How to: live in the present, not the past nor the future

Welcome to the second instalment in my "how to" series. This week, the focus is on centering the mind and bringing it back to the current moment and in the process, letting go of fear and stress.

I am a terrible worrier. I worry and stress about every little detail – how many hours are in a day, what I am going to have for lunch, whether I write to my grandmother enough. I get stressed out about exercising before I’m even at the gym, so much so that I can’t enjoy my bike ride there and appreciate the beautiful New York scenery.

Worrying is a terrible thing. It causes so much unnecessary angst. The worst part is that around 99 per cent of things we worry about never end up materialising, so all that time spent worrying is for nothing.

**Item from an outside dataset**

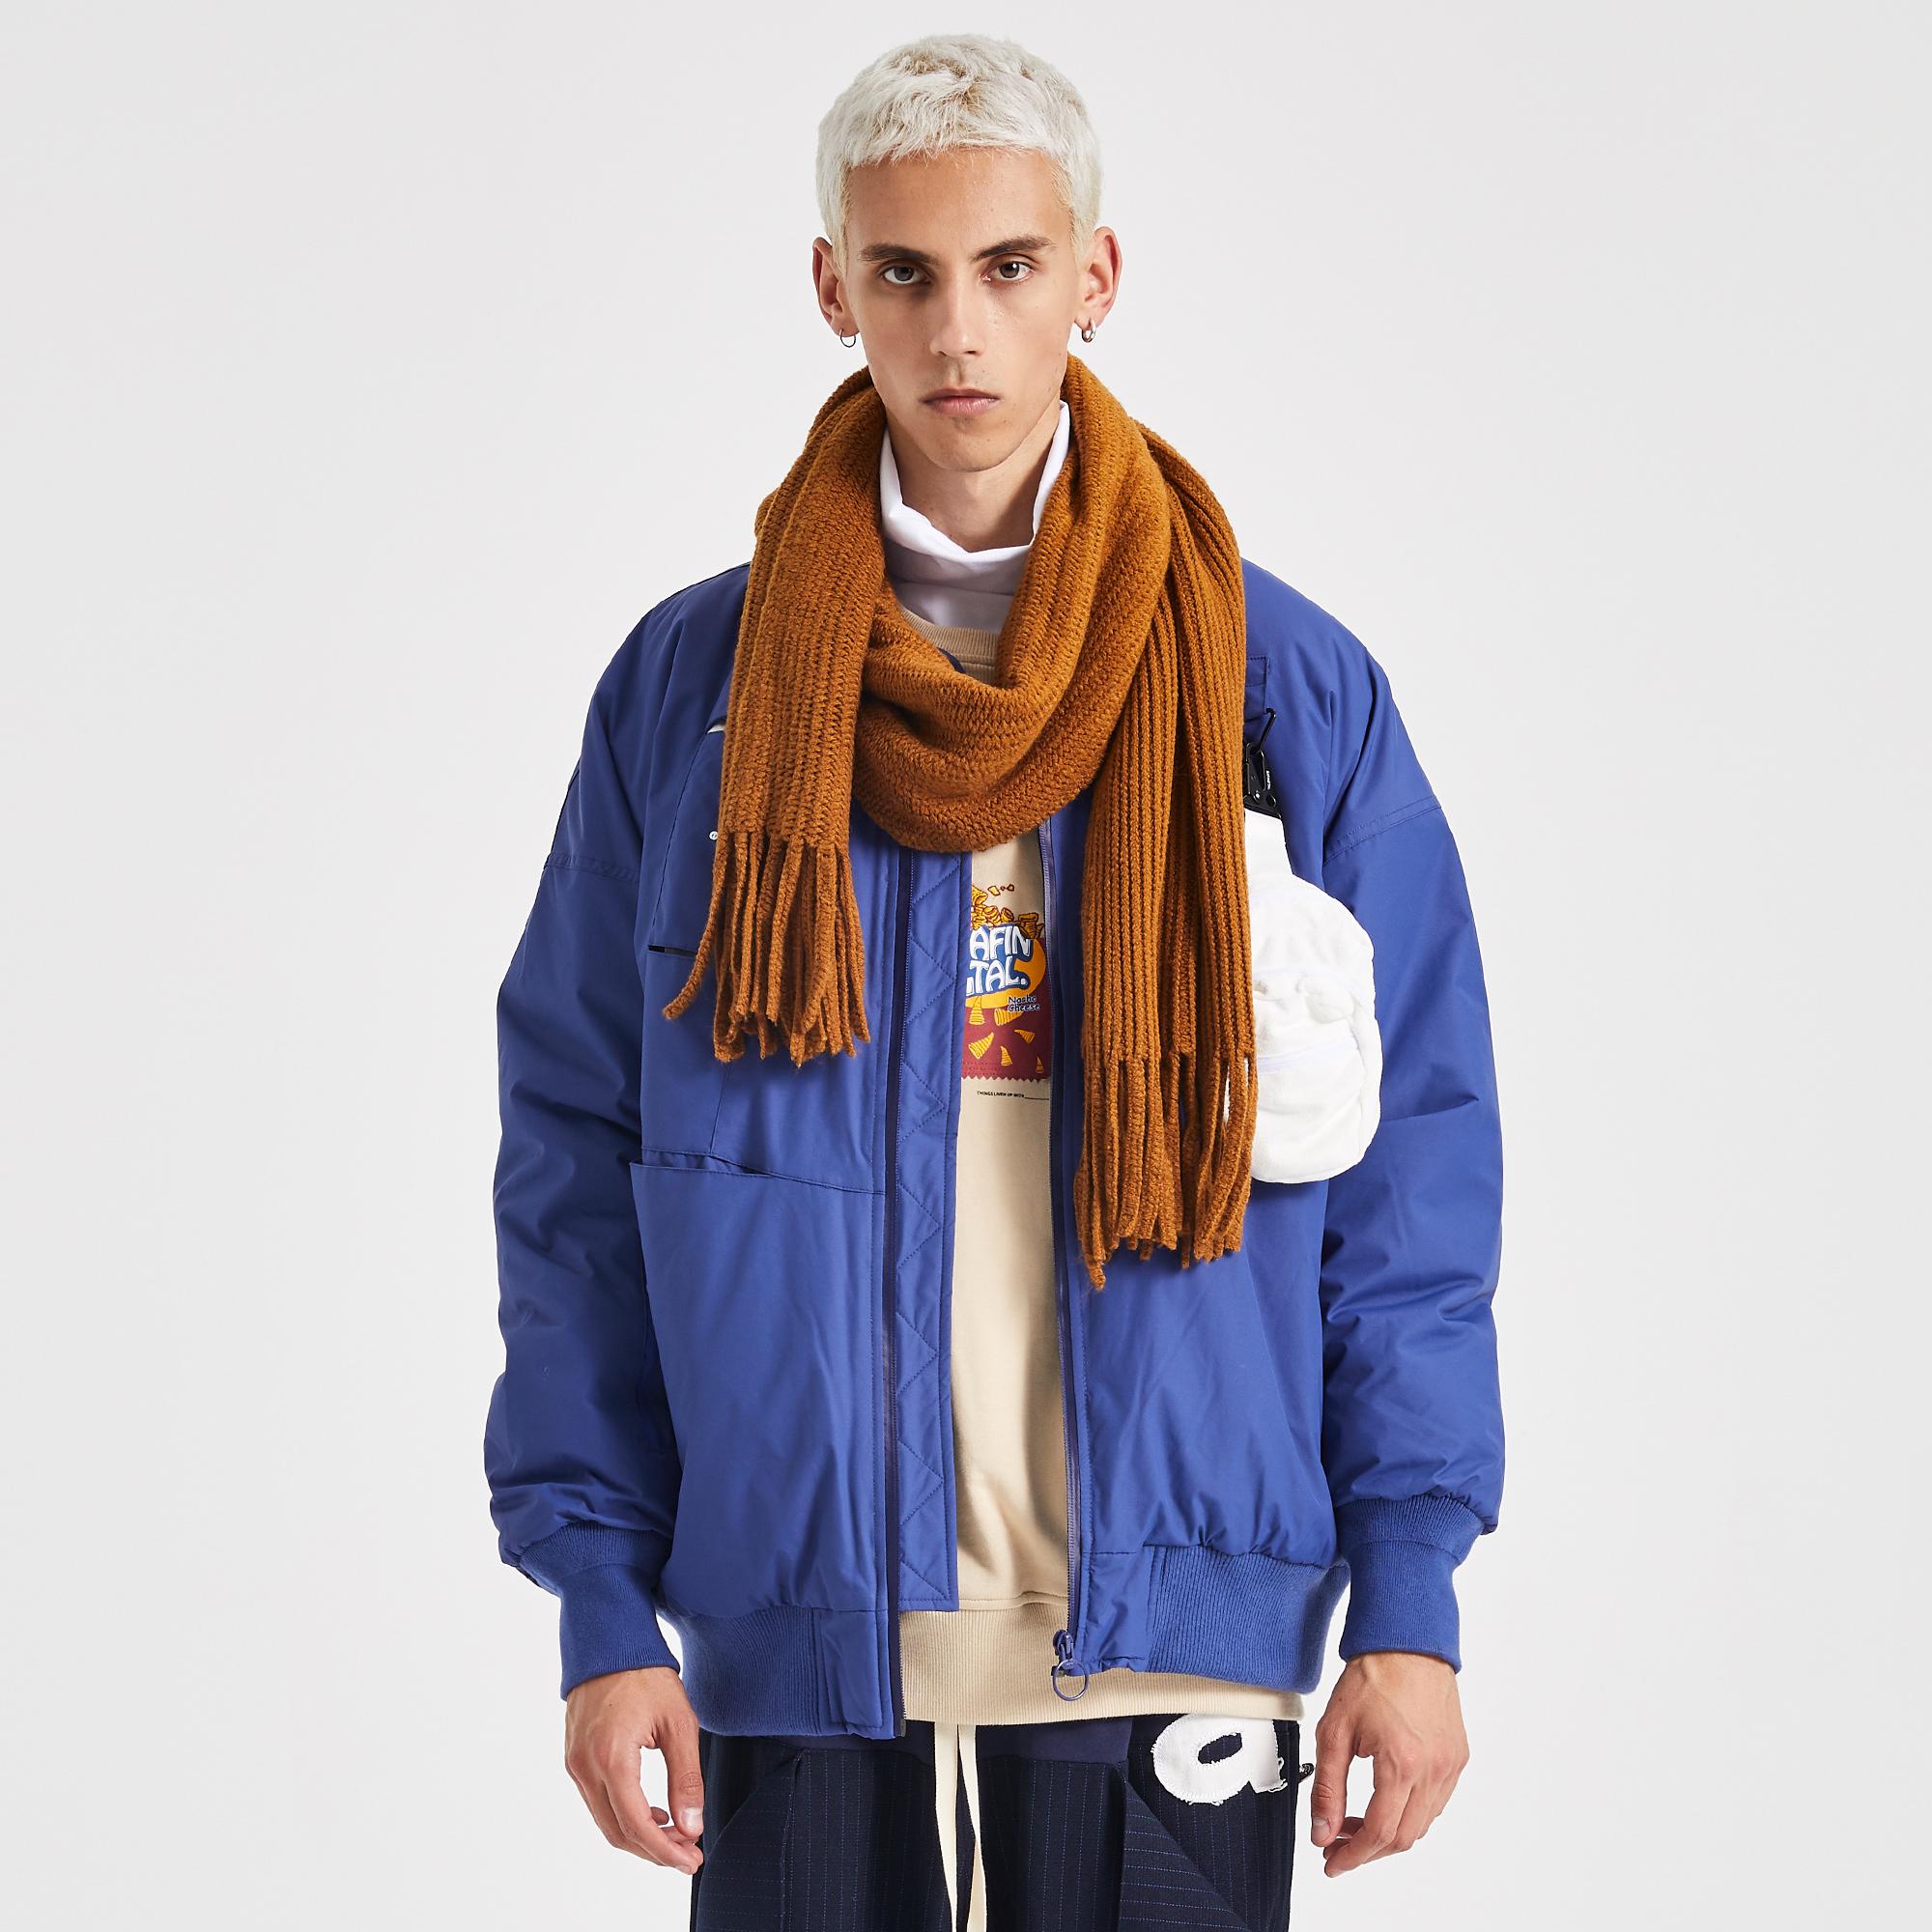 EAFINS bán giải phóng mặt bằng tăng đột biến hai mảnh áo vest nhiều chức năng áo khoác cotton màu xanh MA1 nam nữ - Bông

Lately I have been trying to centre my mind more and to bring it back to the present moment. It is incredible how the simple activity of stopping and appreciating where you are at an exact point in time can quiet your mind and make you relax one hundred per cent. Every time I find worries creeping into my mind, I bring myself to the present. I stop, breathe, appreciate my surroundings, the company I am with and the gifts I have in my life. Here are my top tips for living in the present:

Stop and smell the roses, literally

When was the last time you really slowed down? Learn to appreciate where you are at an exact point in time. Find beauty in everything. Smell those gorgeous flowers in your neighbour’s garden. Smile at that lady on the train you see every morning. Admire a stranger’s handbag/hairstyle/watch. Immerse yourself in the beauty of your surroundings and you will automatically negate your worries and anxieties.

Make it less about you

Worries beget worries. Naturally we worry about ourselves and our loved ones. Broaden your mind and begin to think of others. Become interested in the lives of others. Ask questions. Start conversations. Remember, you are not the only one carrying around the burden of stress. Sharing this burden, or asking someone else about his or her concerns can be a mutually beneficial exercise. It also may help put things into perspective for you both and make you realise that what a minute ago seemed like a catastrophe is actually nothing to be concerned about at all.

When all else fails…

Take it back to this one thought – is this worry or concern going to matter in one week? In one month? How about in one year? Are you going to die as a result of this worry occurring, or some task not getting completed? If the answer is no, which I highly suspect it will be, let it go, breathe, relax and once again bring your mind back to the present.